MATERIAL FOR THIS EXERCISE.
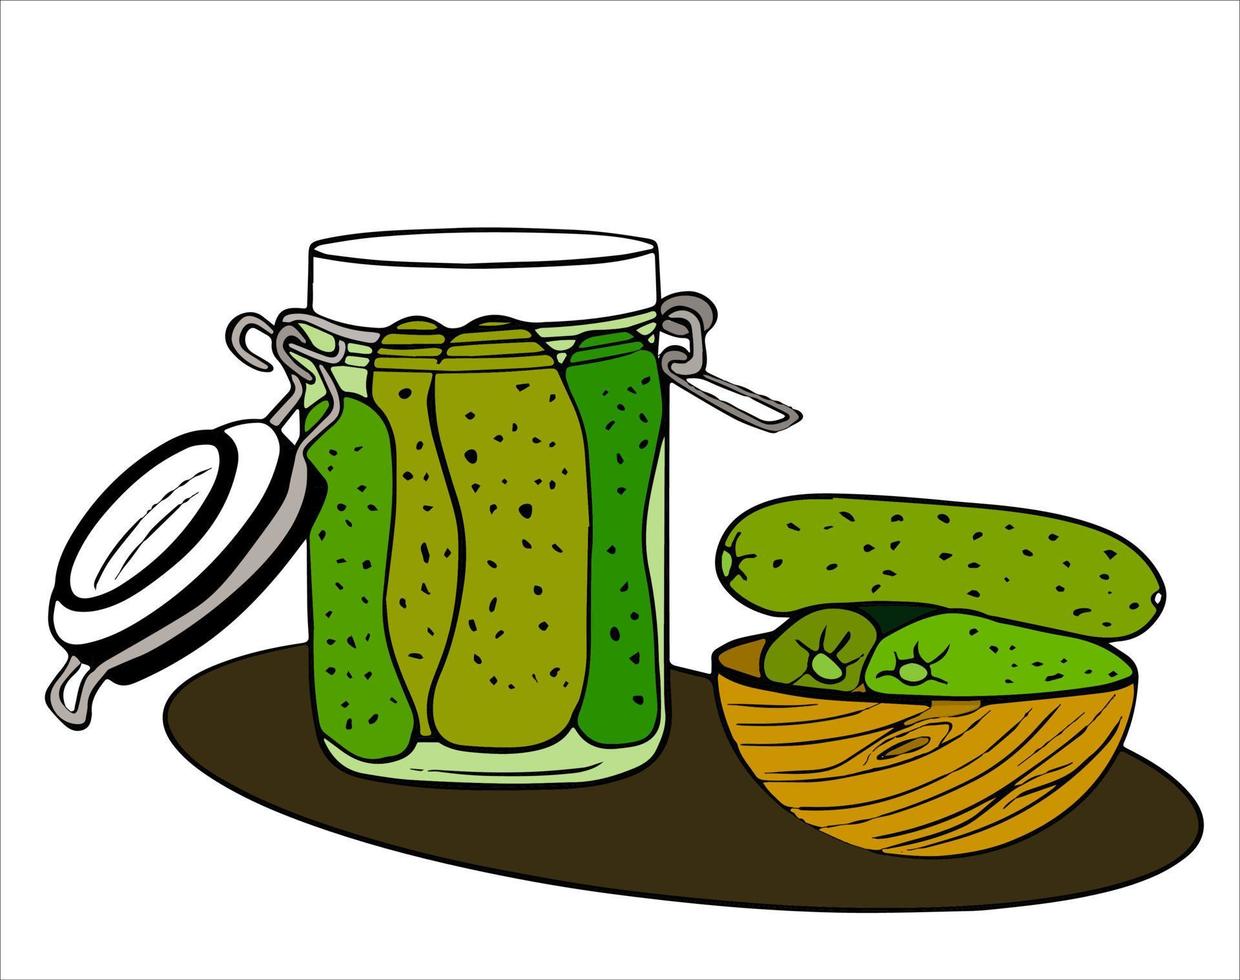 Bank with canned vegetables. Jars with pickled cucumbers. Food containers. Home canned food. Pickles in jar, pickled cucumbers. home production. Fermented vegetables, crispy gherkins with salt. vector
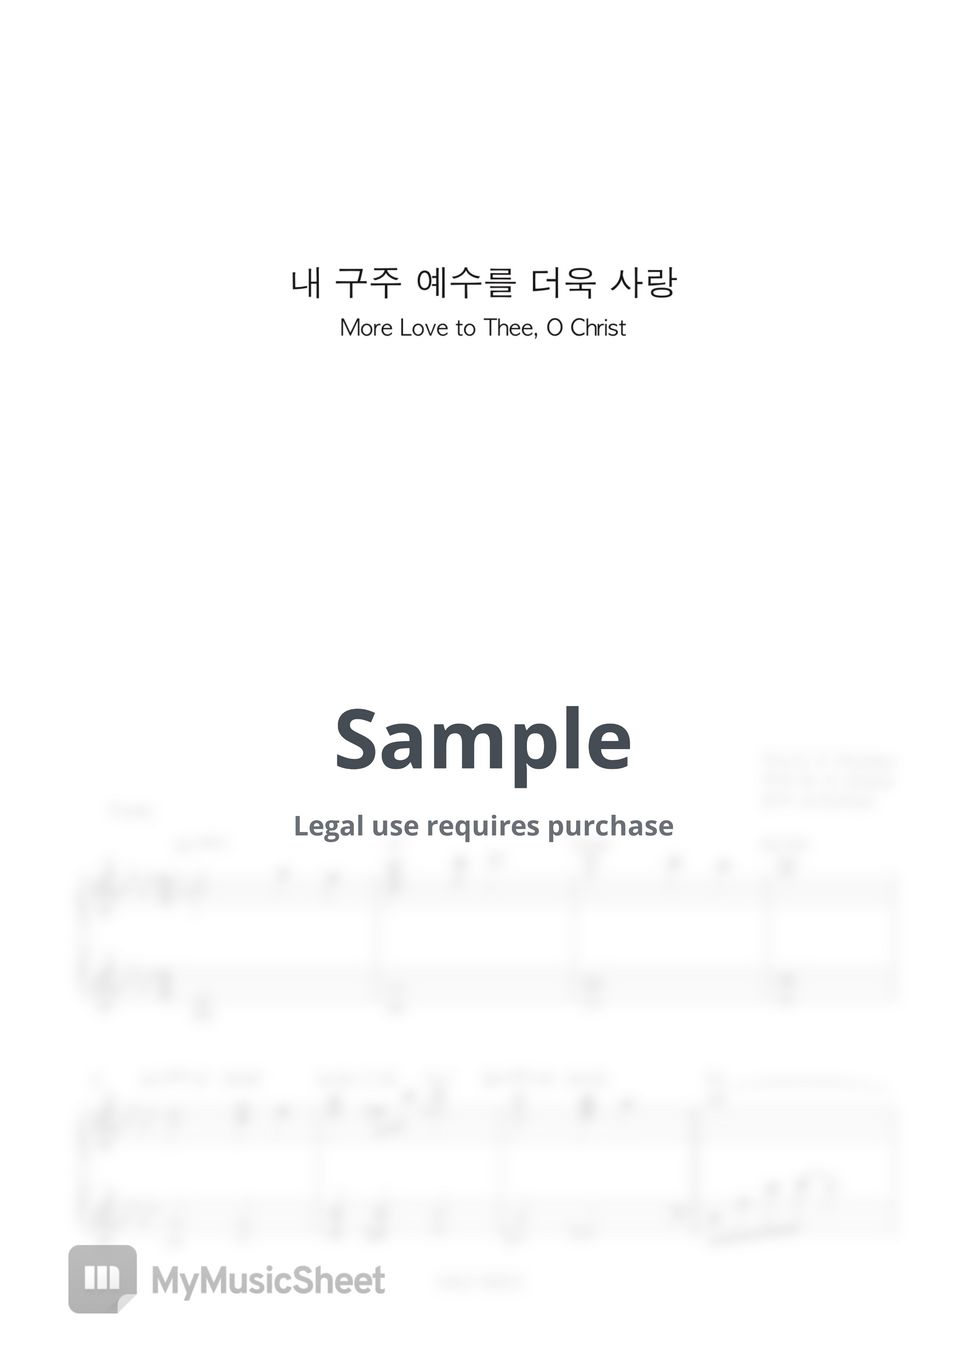 Hymns - 내 구주 예수를 더욱 사랑 (More love to Thee, O Christ) (Abkey) by Ju Eunhye
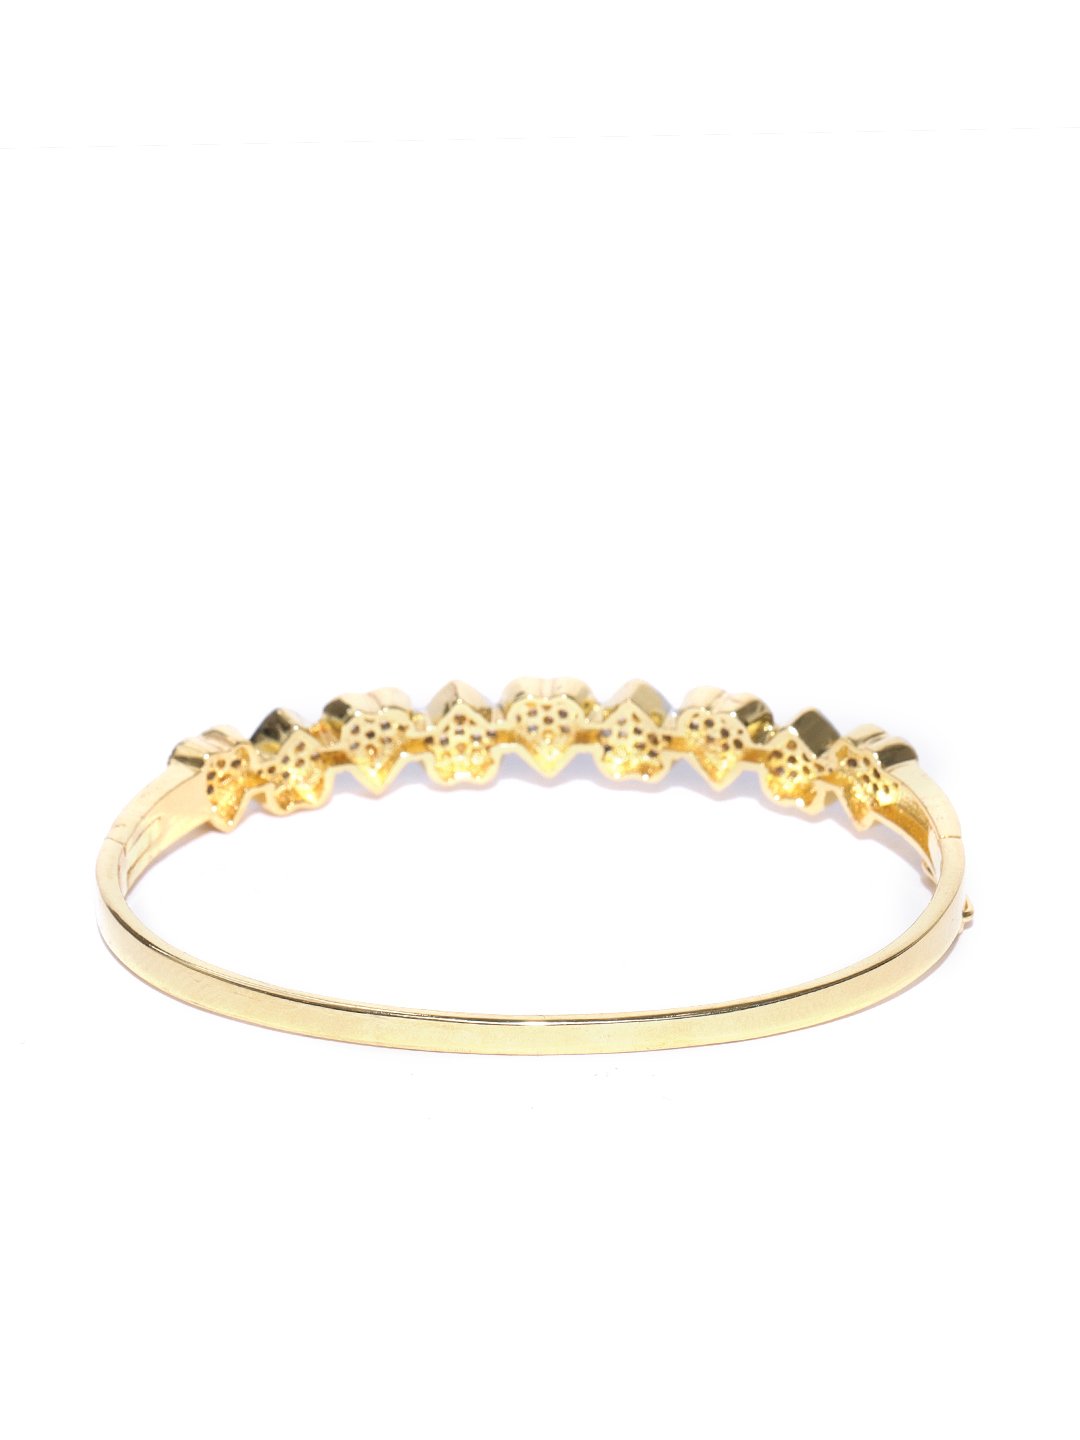 Women's Gold-Plated American Diamond Studded Bracelet With Finger Ring in Heart Pattern - Priyaasi
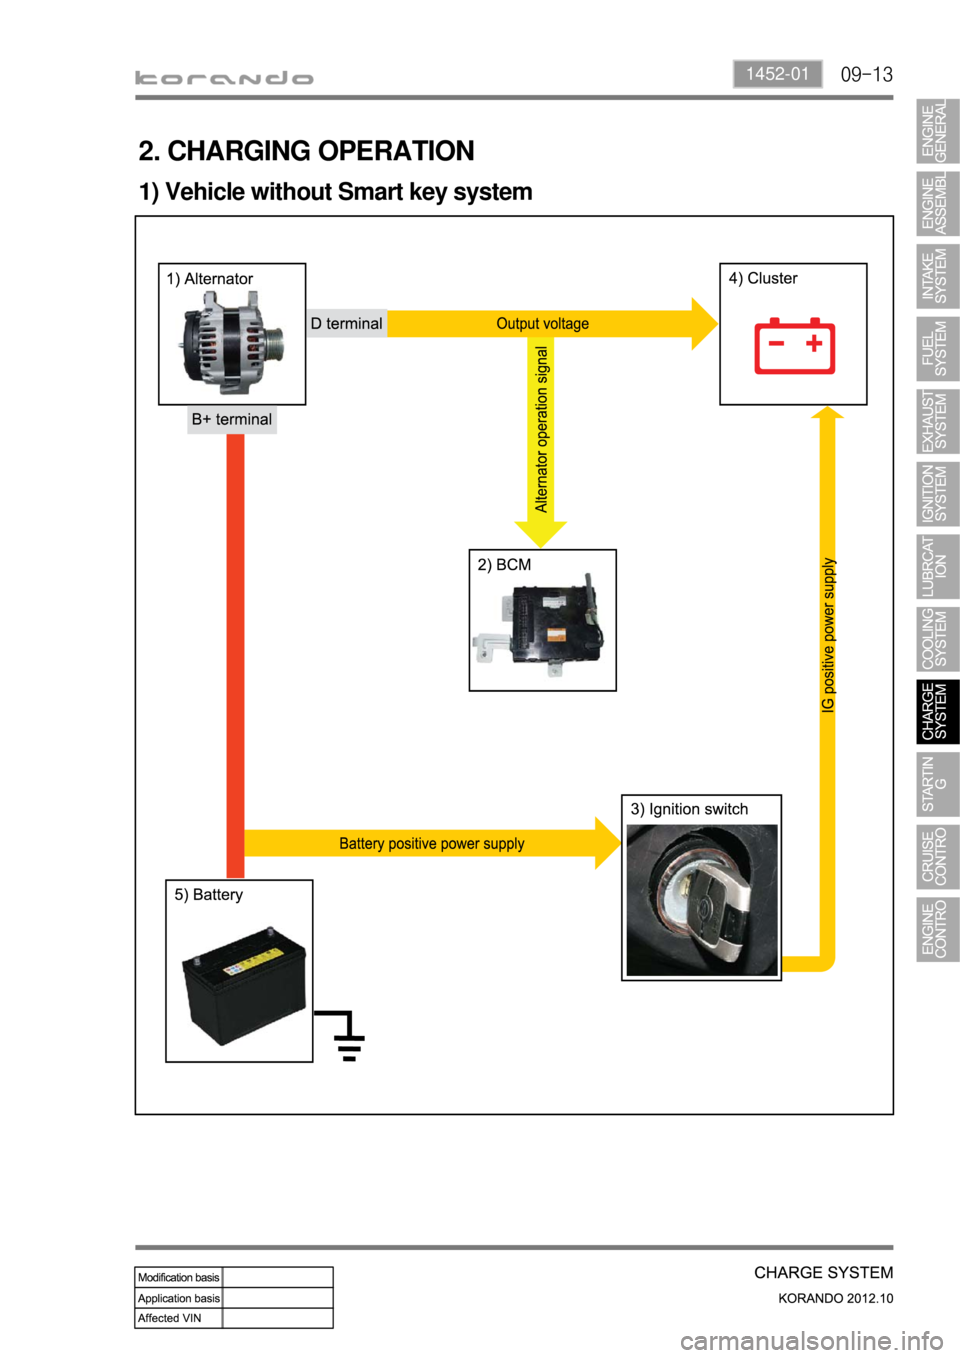 SSANGYONG KORANDO 2012  Service Manual 09-131452-01
2. CHARGING OPERATION
1) Vehicle without Smart key system 
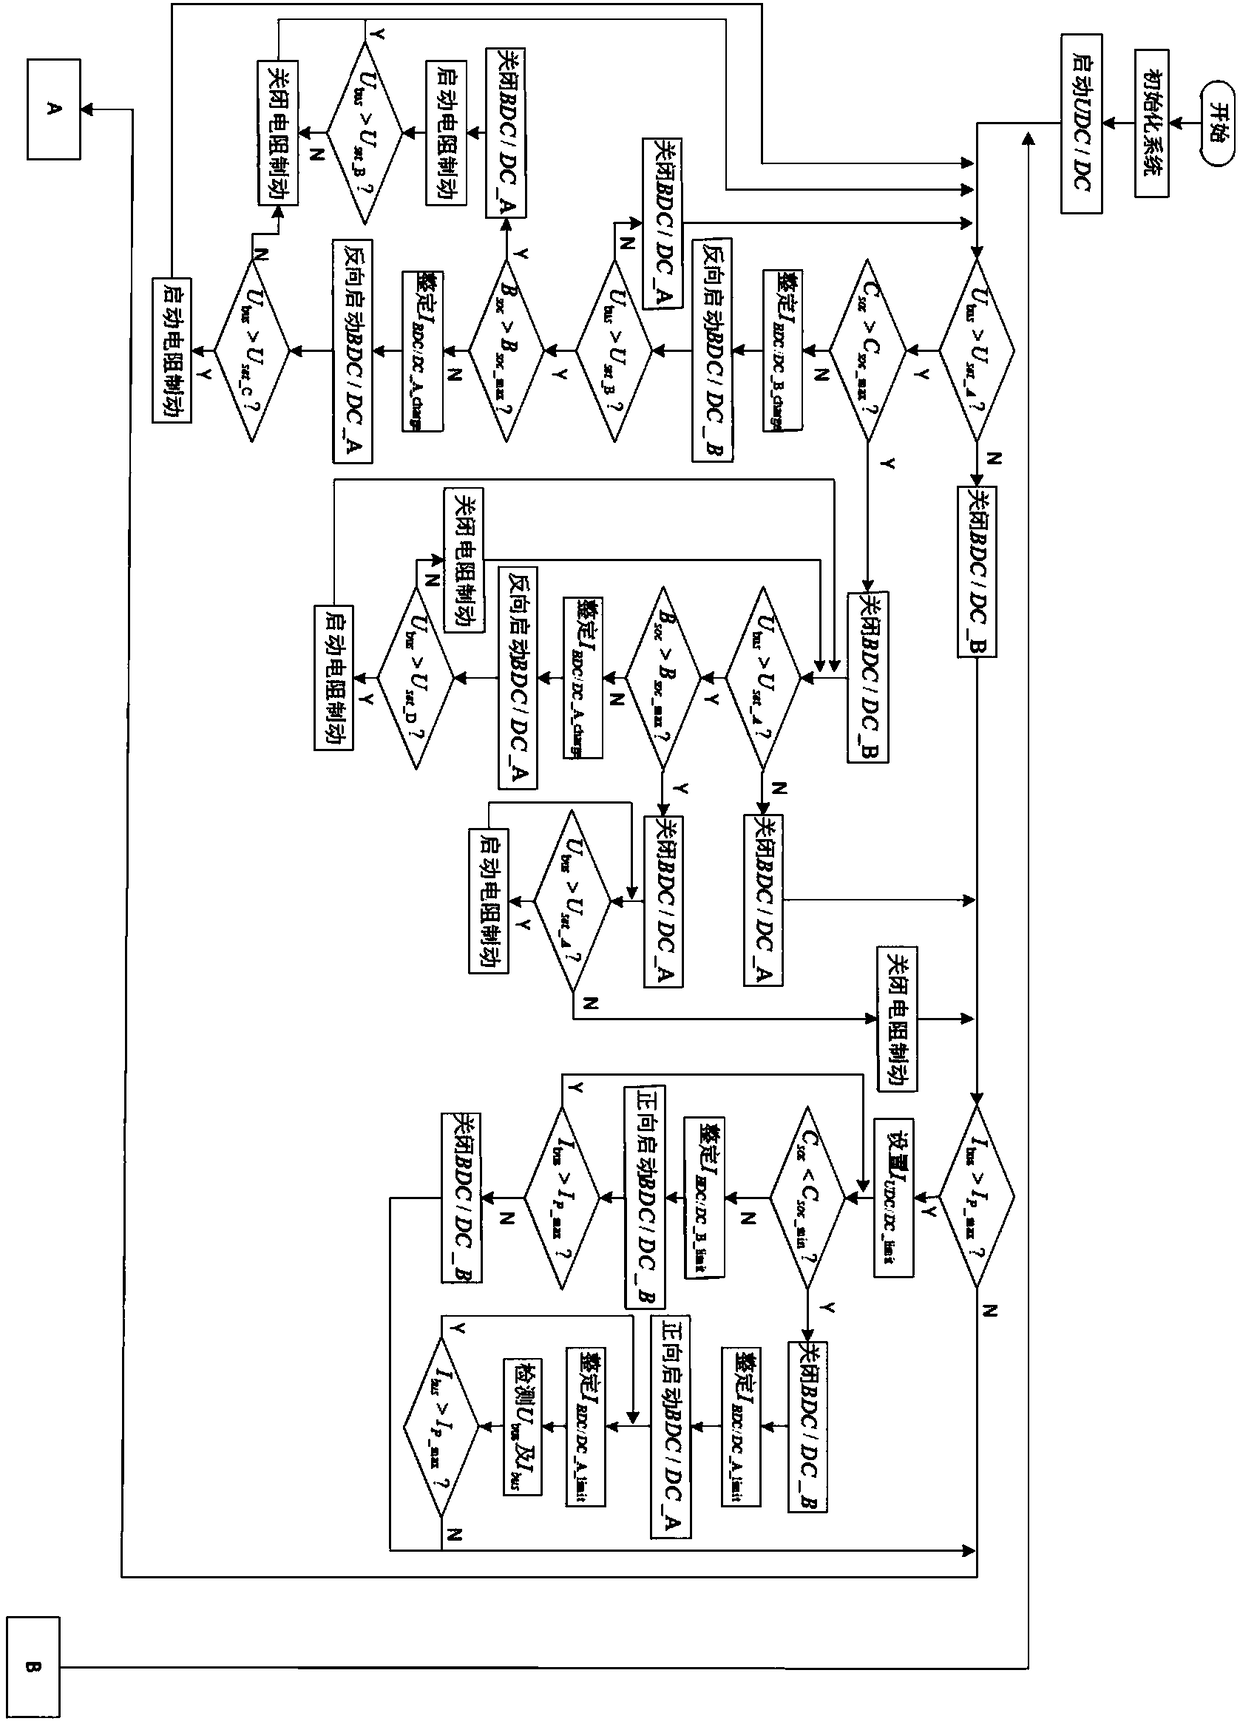 Energy management system and method for a fuel cell hybrid locomotive

ASSIGNMENT. Once the pictures are set aside, repeat the data above exactly as written.

THE ANSWER.
 Bank with canned vegetables. Jars with pickled cucumbers. Food containers. Home canned food. Pickles in jar, pickled cucumbers. home production. Fermented vegetables, crispy gherkins with salt. vector
 Hymns - 내 구주 예수를 더욱 사랑 (More love to Thee, O Christ) (Abkey) by Ju Eunhye
 Women's Gold-Plated American Diamond Studded Bracelet With Finger Ring in Heart Pattern - Priyaasi
 SSANGYONG KORANDO 2012  Service Manual 09-131452-01
2. CHARGING OPERATION
1) Vehicle without Smart key system 
 Energy management system and method for a fuel cell hybrid locomotive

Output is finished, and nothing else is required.